And here is a link to a poignant poem by one of the women  who found herself in this position, Vera Brittain
http://allpoetry.com/The-Superfluous-Woman

Saturday, February 14, 2015

MARDI GRAS

by June Shaw

Sure wish I could take time to write more--but it's Valentine and Mardi Gras, and I live near New Orleans.

Need I say more?

Have a terrific time!

Thursday, February 12, 2015

Murder and Valentines

by Jackie King

The thought of Valentine’s Day always gives me a warm and fuzzy feeling. I can’t help myself. This all started back in grade school when we were allowed to decorate a special box or paper sack in anticipation of the valentines we would receive.

And in appreciation of Valentine's Day, I'd like to say that I can’t seem to spin a romantic yarn without weaving “Murder Most Foul” in with “Happily Ever After.” When my fingers hit the keyboard I’m immediately seized by the urge to murder some odious person on paper. ALAS for my LACK (pun intended) of control, but YEA for the fun of it. You see, I can choose any dolt I wish who has ‘done me wrong’ or ‘irritated the fire out of me.’ (Okie speak.)

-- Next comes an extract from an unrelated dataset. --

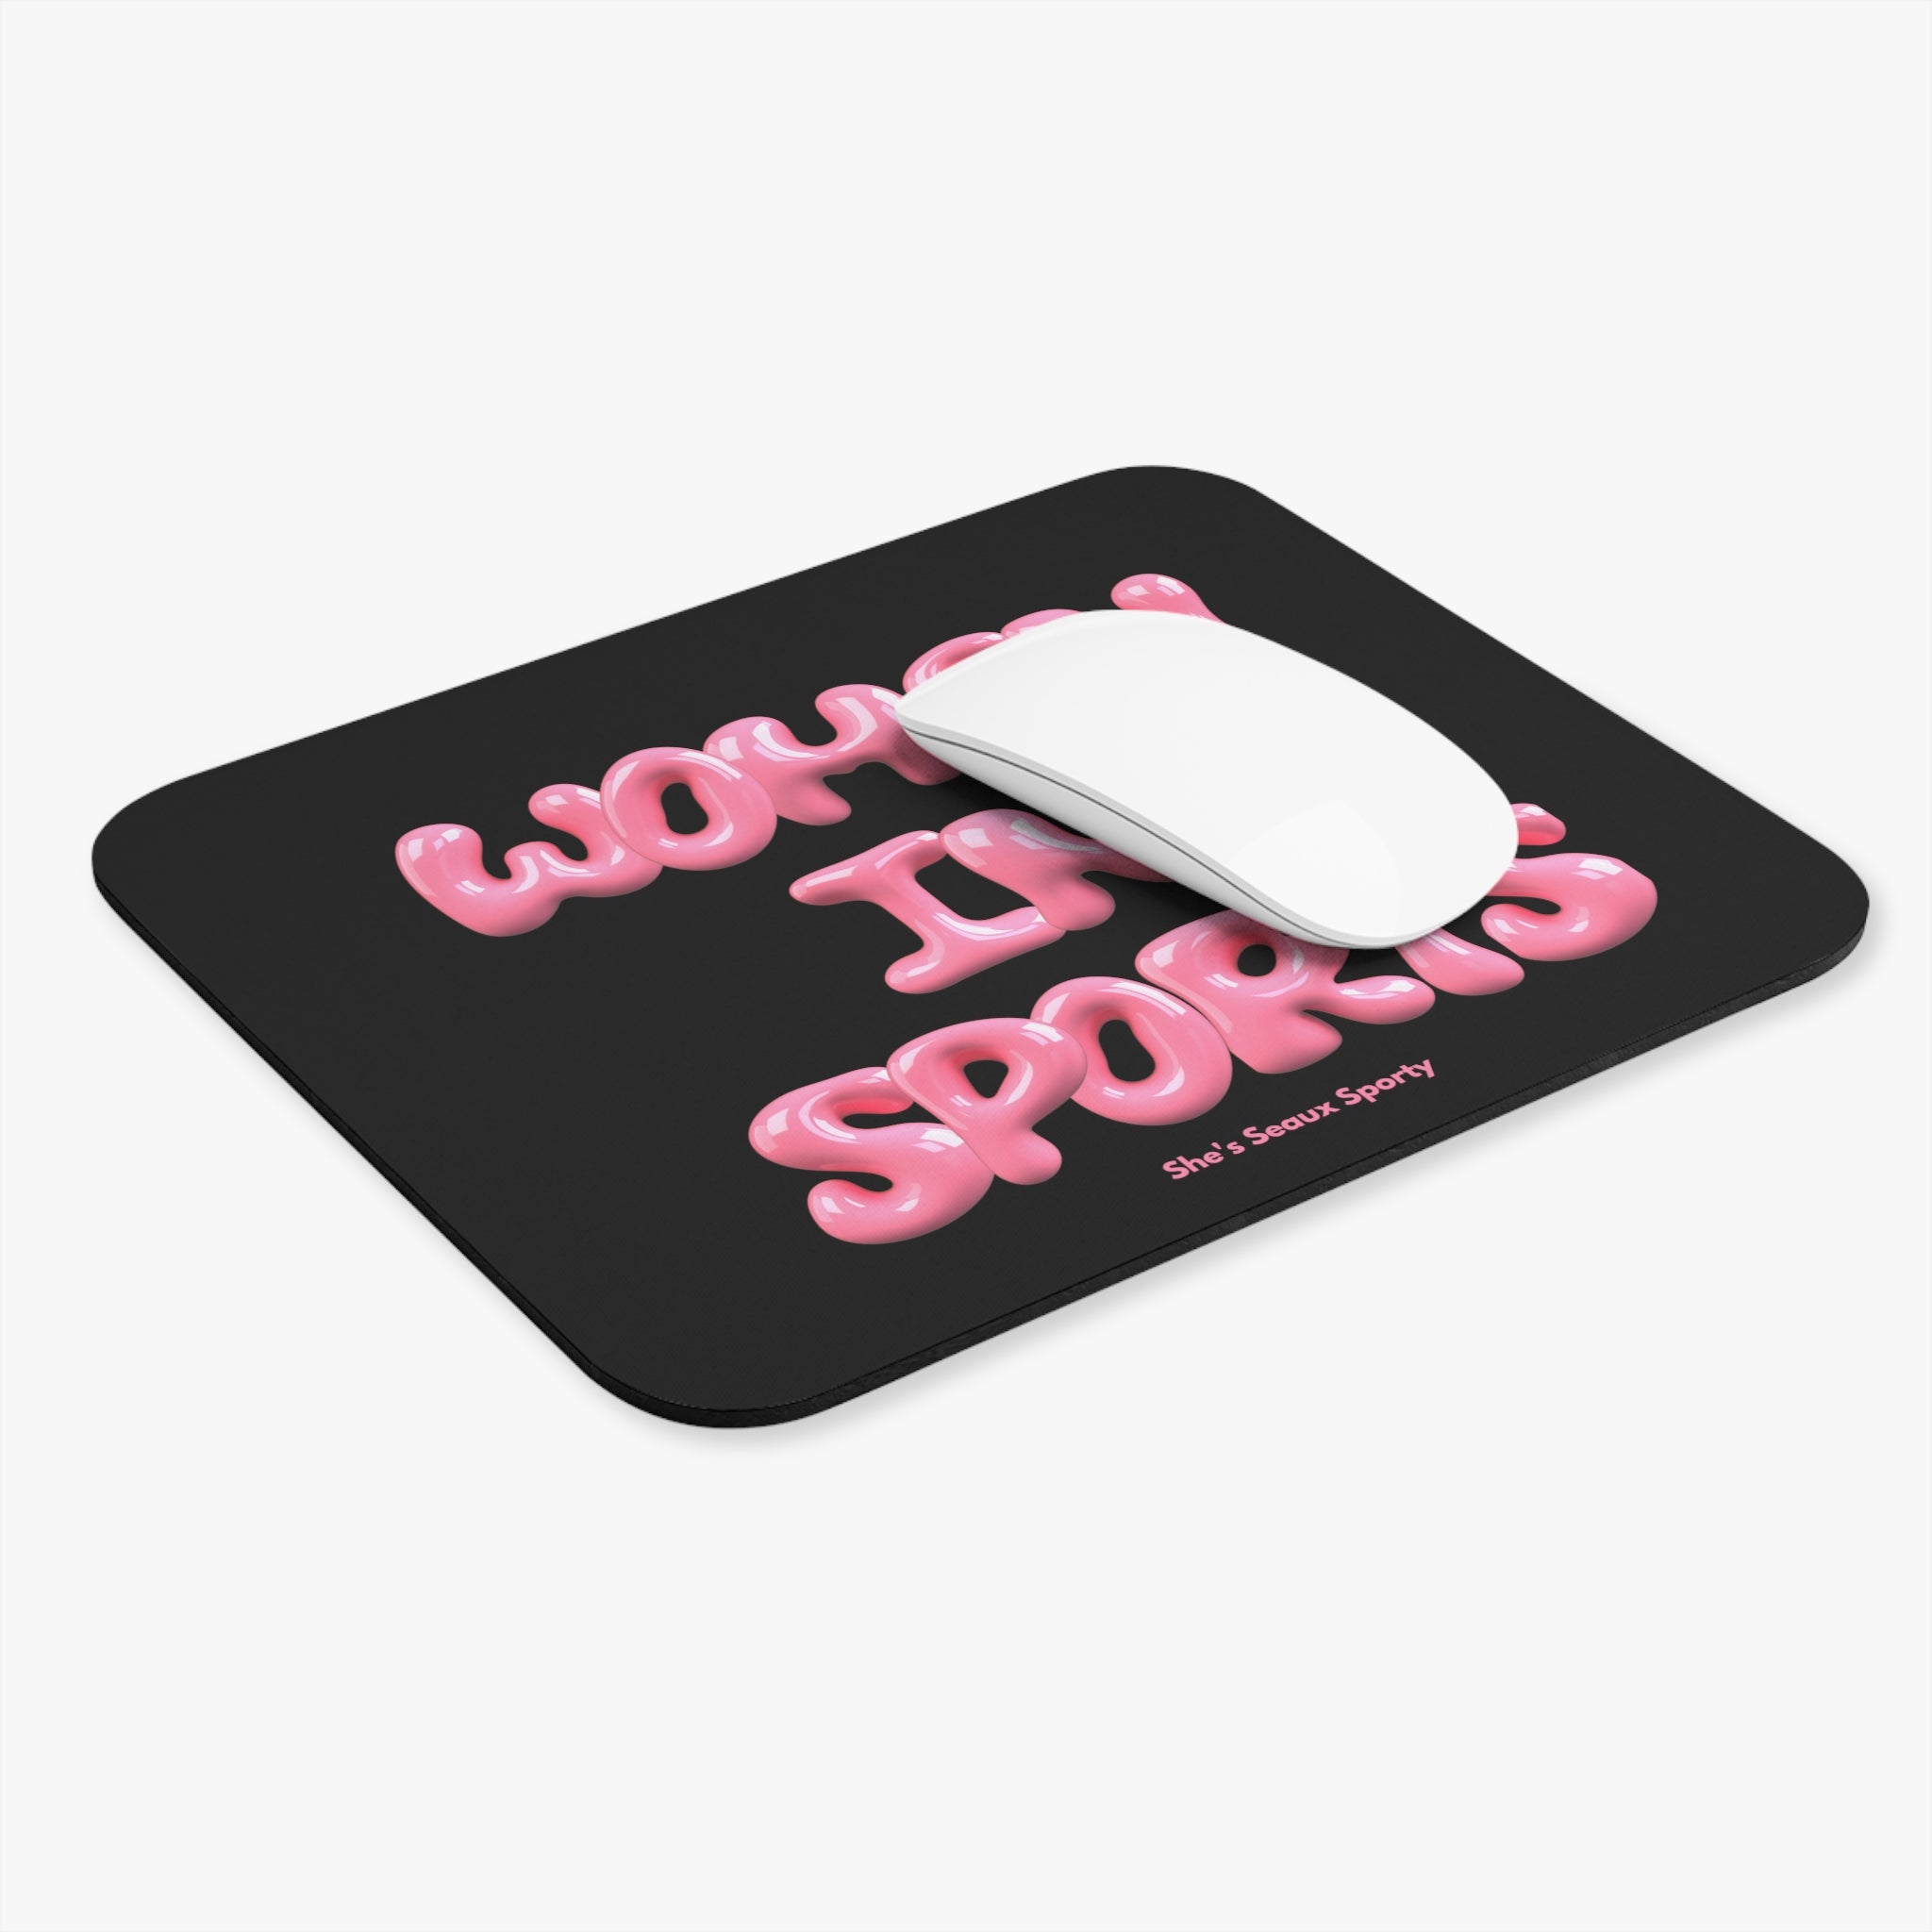 Black Women In Sports Mouse Pad

The Inconvenient Corpse 1st Grace Cassidy Mystery

Since I write traditional (cozy) mystery, the violence in my stories happens off scene and my main character stumbles onto the body. Circumstances then drag this hapless person into the solving of the crime. In my novel THE INCONVENIENT CORPSE, poor Grace Cassidy discovers a naked dead body in her hotel bed. Then (as if she didn’t have enough problems dealing with an unfaithful husband), I add a rugged cop named Sergeant Sam Harper, who thinks our Grace did the killing but likes her anyway.

The Corpse Who Walked in the Door --2nd Grace Cassidy Mystery


In my second in this series, THE CORPSE WHO WALKED IN THE DOOR, the romance continues slowly. The slow pace is because my books are primarily cozy mysteries, and murder is the main focus.

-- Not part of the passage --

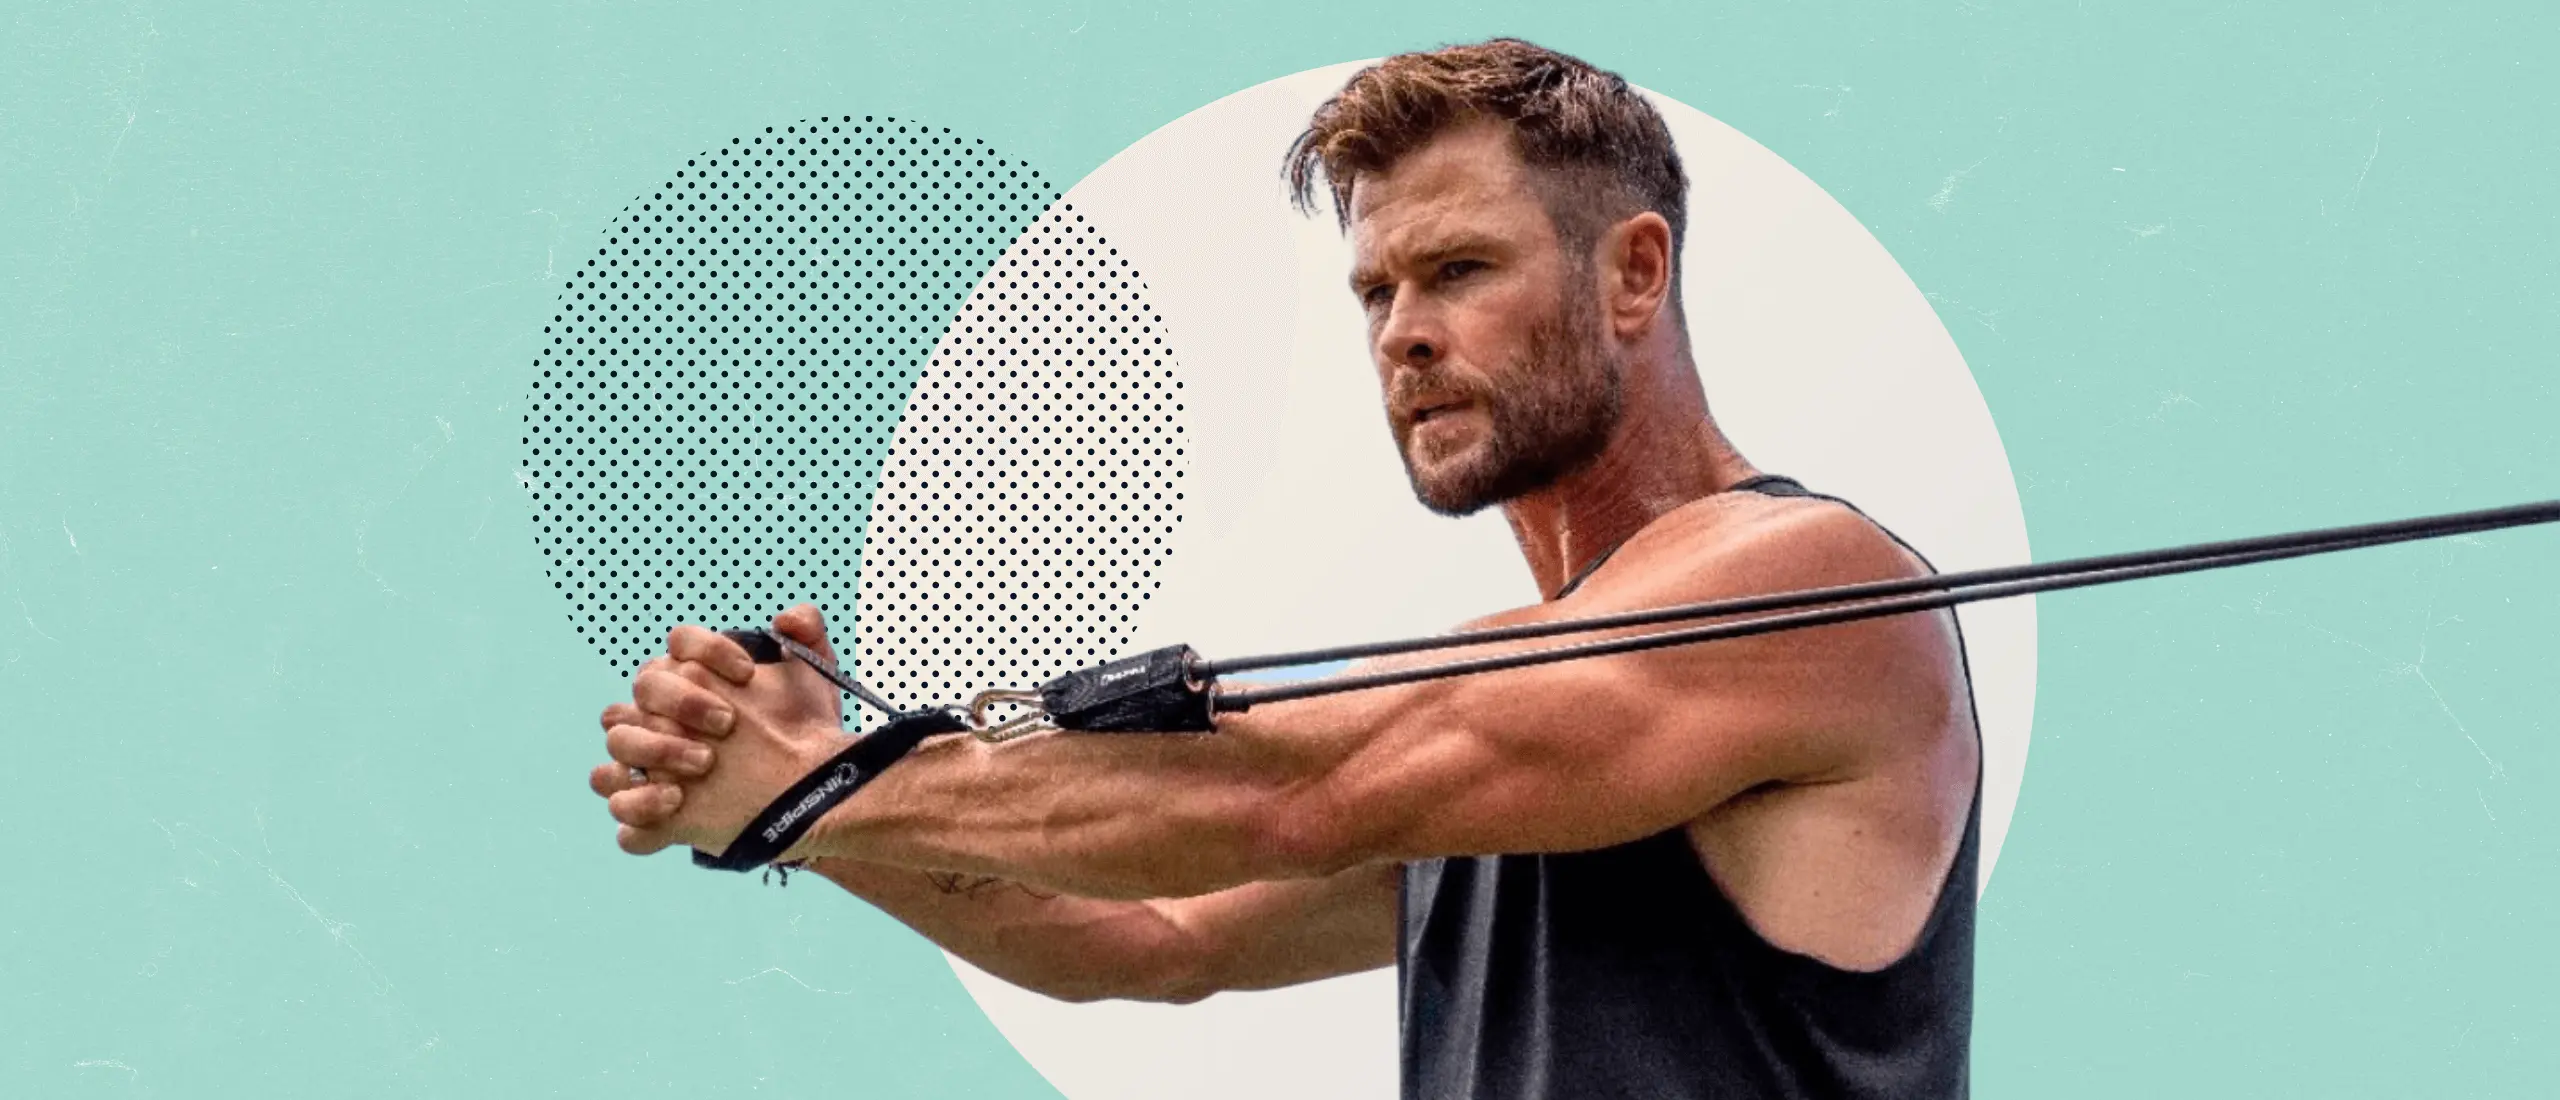 chris hemsworth does a cross body curl on a teal background

At present I’m on the second draft of the next in Grace’s adventures, THE CORPSE AND THE GEEZER BRIGADE.

Oh my! There’s nothing like murder and mayhem and secret lusting after someone who is totally wrong for you, to get a reader’s/writer’s juices flowing. I know, because those are the kinds of books I read until my eyes feel as if they have been sandpapered.

For other writers out there, I suggest you consider spiking your romance with a touch of mystery. For my favorite people, readers (and of course this includes writers who are avid readers) let’s chat for a minute about authors who excel at this skill:

Blackbird Sisters Mysteries by Nancy Martin:

Nancy Martin has penned the delightful Blackbird Sisters mysteries series. She begins with HOW TO MURDER A MILLIONAIRE and continues to A LITTLE NIGHT MURDER. And I just heard a new Blackbird book is in the mill. Martin also writes the brassier Roxy Abruzzo series featuring a monster dog and a monster truck, along with the madcap heroine.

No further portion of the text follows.